Until recently, network engineer Hans Wolff had never needed skis for his work. Cables, hotspots, routers and more – for the ski races in Wengen, he had to use a backpack to get all his equipment to the right spots on the mountain. We visited him on site.

Evelyne Owa

January 19, 2023 . 3 minutes read

It’s seven o’clock on Saturday morning, five and a half hours before the start of the Lauberhorn race. There’s an alarm on Hans Wolff’s mobile – there’s been a power outage in the athletes’ waiting area. Hans rushes off. By train and skis, he makes his way to the site of the incident to get the Wi-Fi back on line. Here, at the valley station for the chairlift that takes the athletes up to the start, is also where Hans stores his replacement devices and cables.

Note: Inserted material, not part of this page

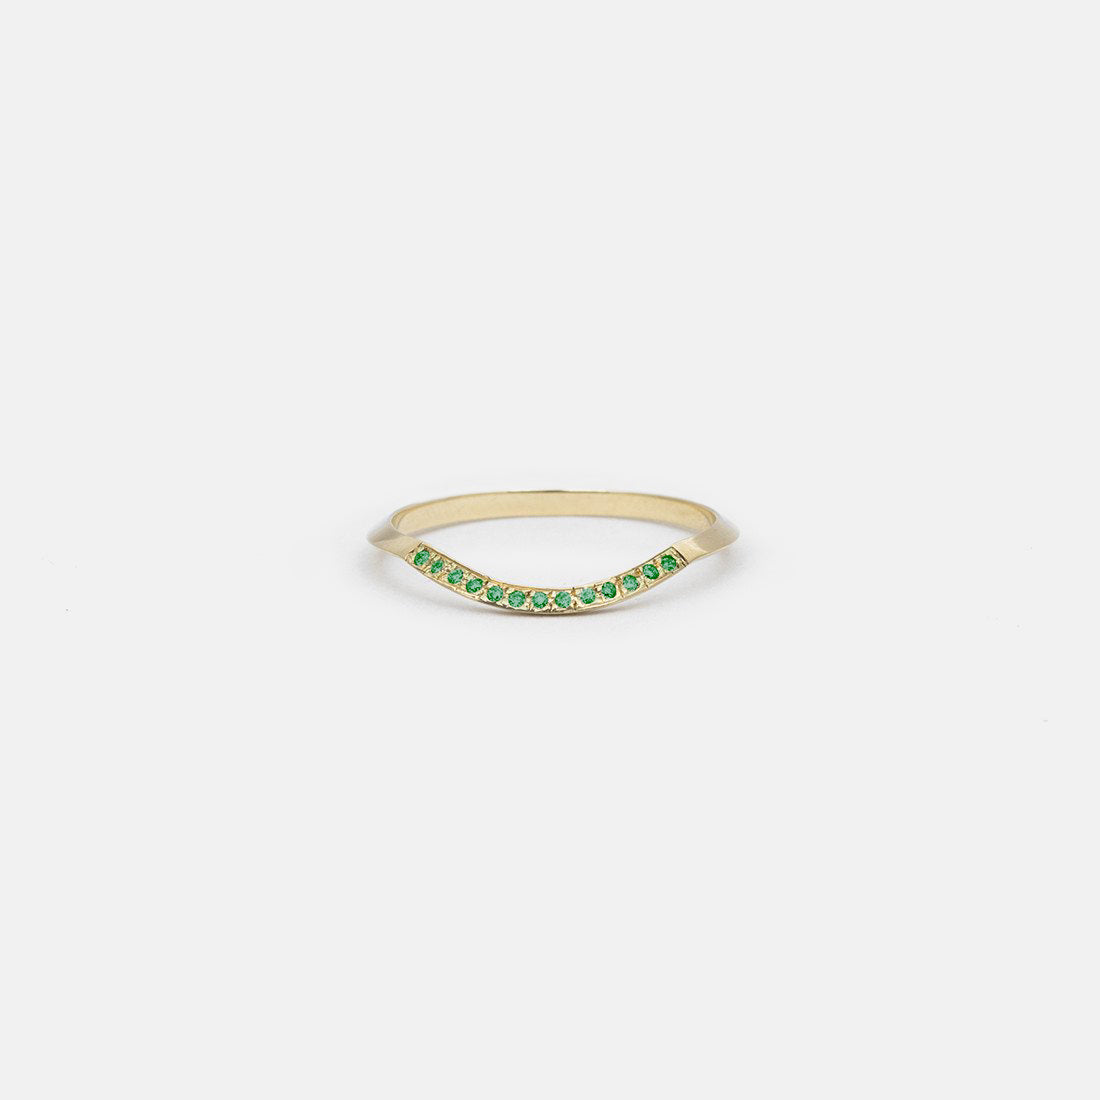 Arba Unique Ring in 14k Gold set with Emeralds By SHW Fine Jewelry NYC

«I can really feel the tension on race days,» says Hans. Because it’s down to him to make sure that the athletes can get important information from their coaches and teammates, that the organizing committee can decide whether to let the athletes ski the classic route and that the media can send in their articles. And this is his first time. Because since Sunrise has become the new main sponsor of Swiss-Ski, it’s not just the athletes’ racing suits that are new, but also the network infrastructure at the ski competitions in the Swiss mountains.

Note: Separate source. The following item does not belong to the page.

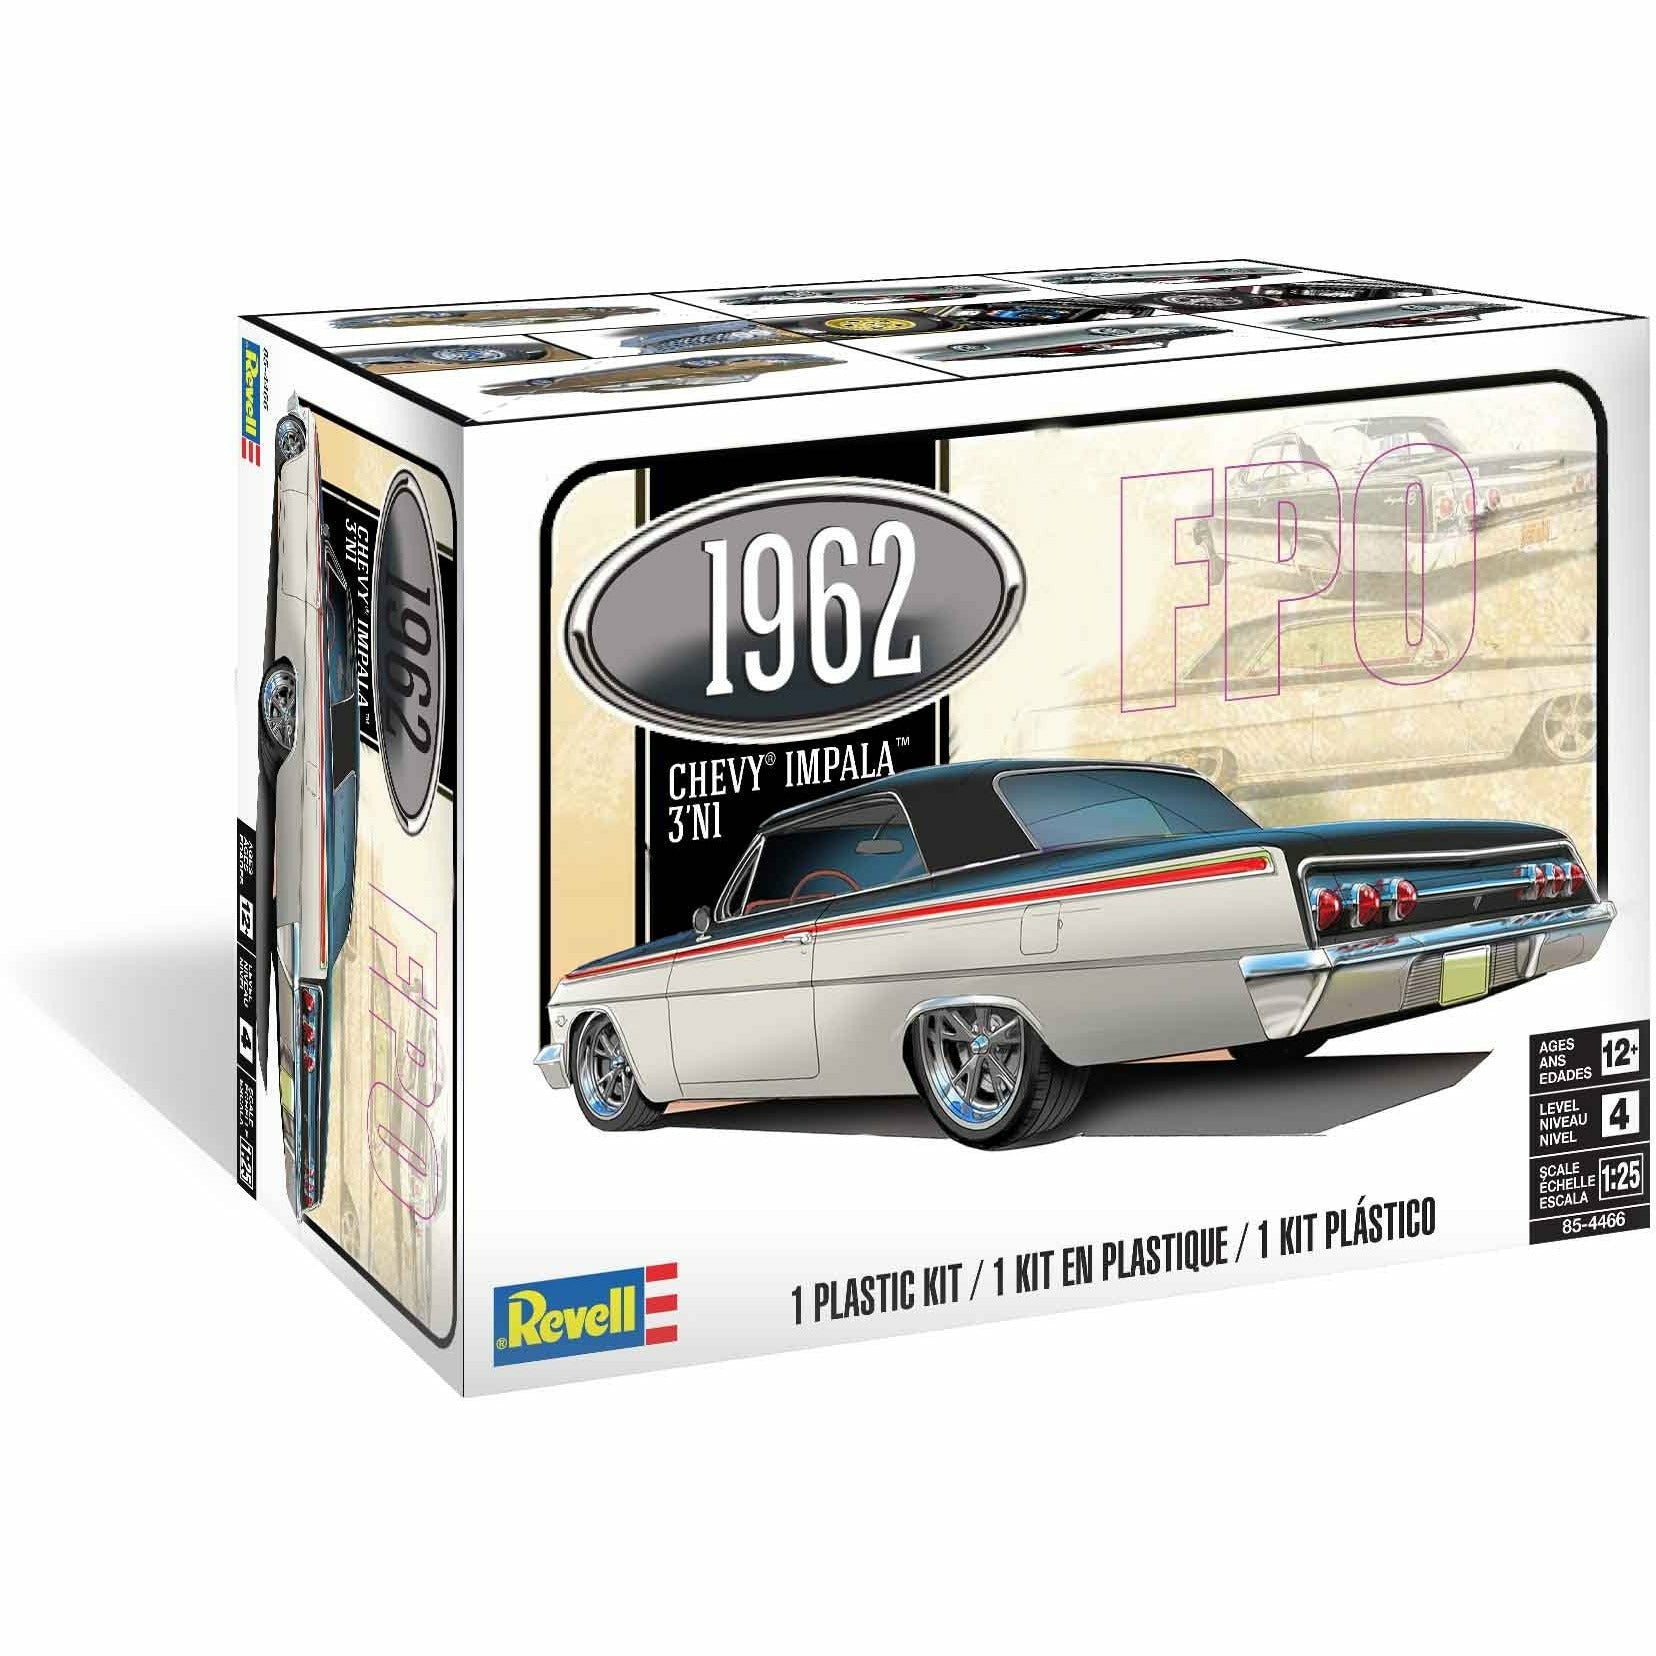 1962 Chevrolet Impala SS Hardtop 3 in 1 1/25 by Revell

Hans Wolff’s materials store is right next to the area where the athletes prepare for the race.

Heavy work on the slope

Hans Wolff has spent more than a year planning, learning, coordinating and monitoring. On top of laying new Sunrise fiber-optic cables, the job involved setting up additional mobile antennae to improve network coverage. There’ll be huge data volumes during the event, since social media is used so heavily. The antennae also need to be linked to the fiber-optic network in order to function.

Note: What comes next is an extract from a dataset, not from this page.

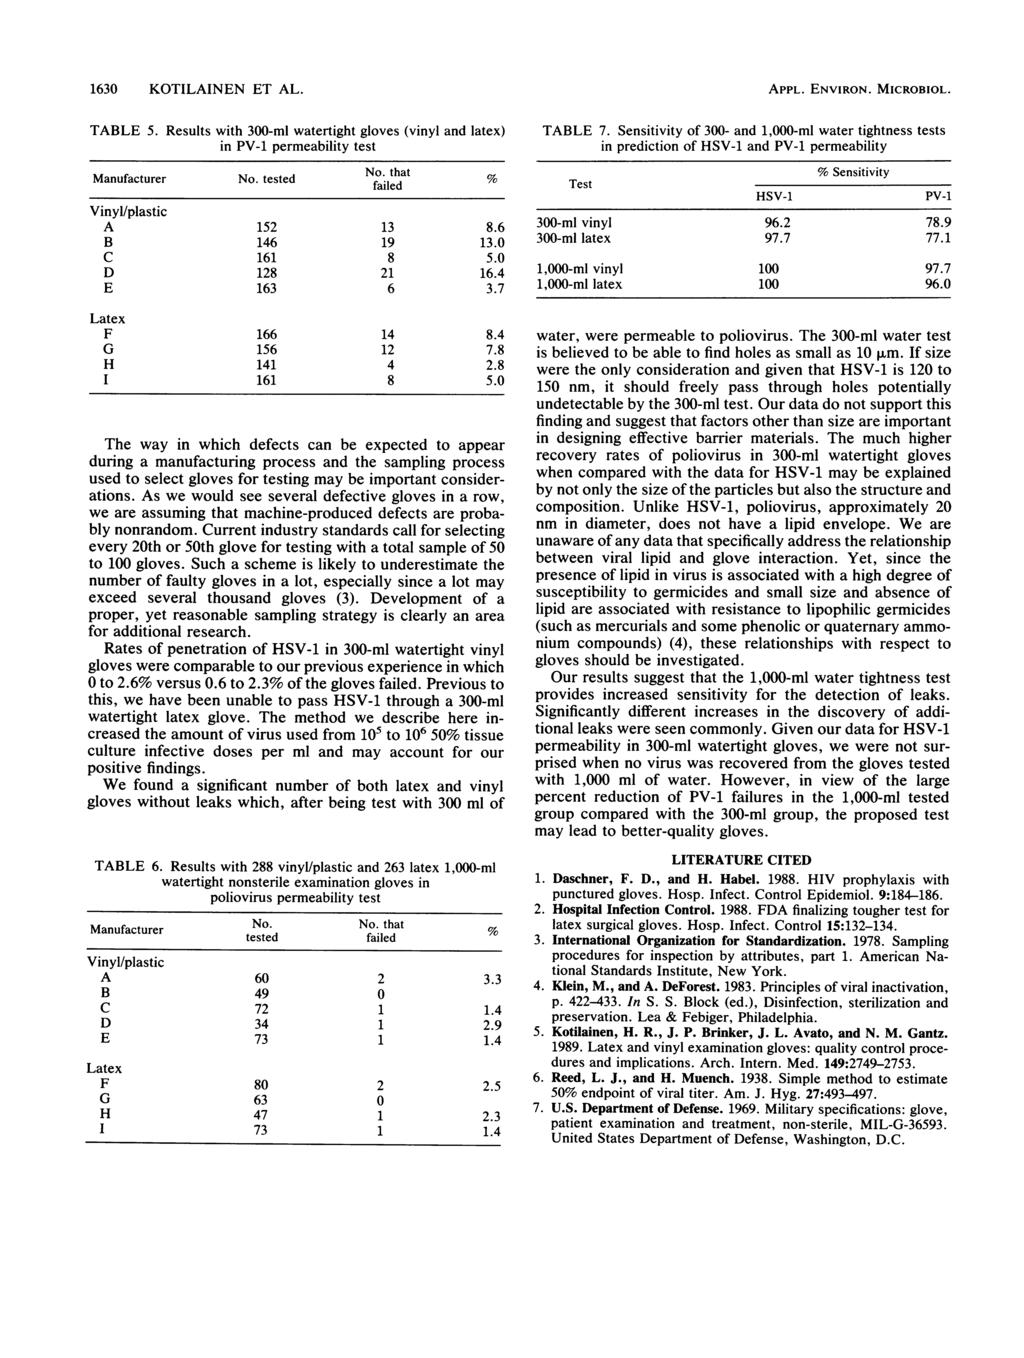 1630 KOTILAINEN ET AL. TABLE 5. Results with 300-ml watertight gloves (vinyl and latex) in PV-1 permeability test Manufacturer No. tested No. that % A 152 13 8.6 B 146 19 13.0 C 161 8 5.0 D 128 21 16.

In addition, lots of temporary fiber-optic connections are required for competitions, such as to the media centers or VIP lounges. In Wengen, the installation of fiber optics meant difficult work on steep terrain. The pipeline for the main cable is located under the old Wengernalp railway track; the access points were covered by soil in some places and had to be cleared first. Everything was finally ready at the beginning of December 2022 – the Sunrise fiber-optic cable from Interlaken down in the valley up to the Lauberhorn finish area was operational.

One of the new mobile antennae stands at the start of the Lauberhorn descent. The increased data volume can only be managed thanks to the extra antennae.

The four new antennae had to be transported to their locations by helicopter. The two antennae at the start and finish lines are fixed, as is the one in the World Cup village, where fans and athletes meet to celebrate and watch the award ceremonies. Hans and his team started building the temporary infrastructure for the Lauberhorn races in early December. Making up for all the hours of overtime were the many pleasant moments, such as a helicopter flight or the ski trips to the Sunrise antennae.

100% operational

We’re back at the athletes’ marquee, and it’s still nearly empty at this early hour. With skilled movements, Hans reactivates the devices and checks his mobile phone to make sure everything’s working again. A special app gives him the information he needs – as well as an overview, it shows him the data for every single device that’s in use at the Lauberhorn, from hotspots to switches, access points and routers.

Hans Wolff can check the network via the app. If a device fails, he’s immediately sent an alarm.

Slowly, the first athletes are starting to arrive, helping themselves to the buffet, watching Sunrise TV or scrolling through their mobiles. The network works flawlessly, with all devices online according to the app. With a sigh of relief from Hans, it’s finally time for him to enjoy his first coffee of the day.

Spectacular viewing terrace

During the downhill event, Hans makes a detour up to the «Loube» at the Hundschopf. The terrace directly overlooking the race piste gives the best views of the spectacular Hundschopf jump, and offers a unique experience for up to 50 Sunrise customers. Here, too, there are TV sets so that guests can follow the athletes’ entire race, as well as a mobile hotspot for cashless payments at the bar – brought here by Hans on skis.

Hans also had to fit the spectacular viewing terrace on the Hundschopf with Wi-Fi.

Hans doesn’t have long to enjoy the impressive view from the «Loube». At the end of the race it’ll be time for him to head back to the materials store and pop his kit into his backpack. With kilos of gear on his back, he skis down to Wengen.

His conclusion: «It couldn’t have gone any better.» 1,100 devices were logged into the Sunrise Wi-Fi network over the Wengen race weekend, and 5,500 gigabytes of data were transferred. What remains is improved Internet and mobile-network coverage. «Locals and holidaymakers will both benefit from these improvements in future.»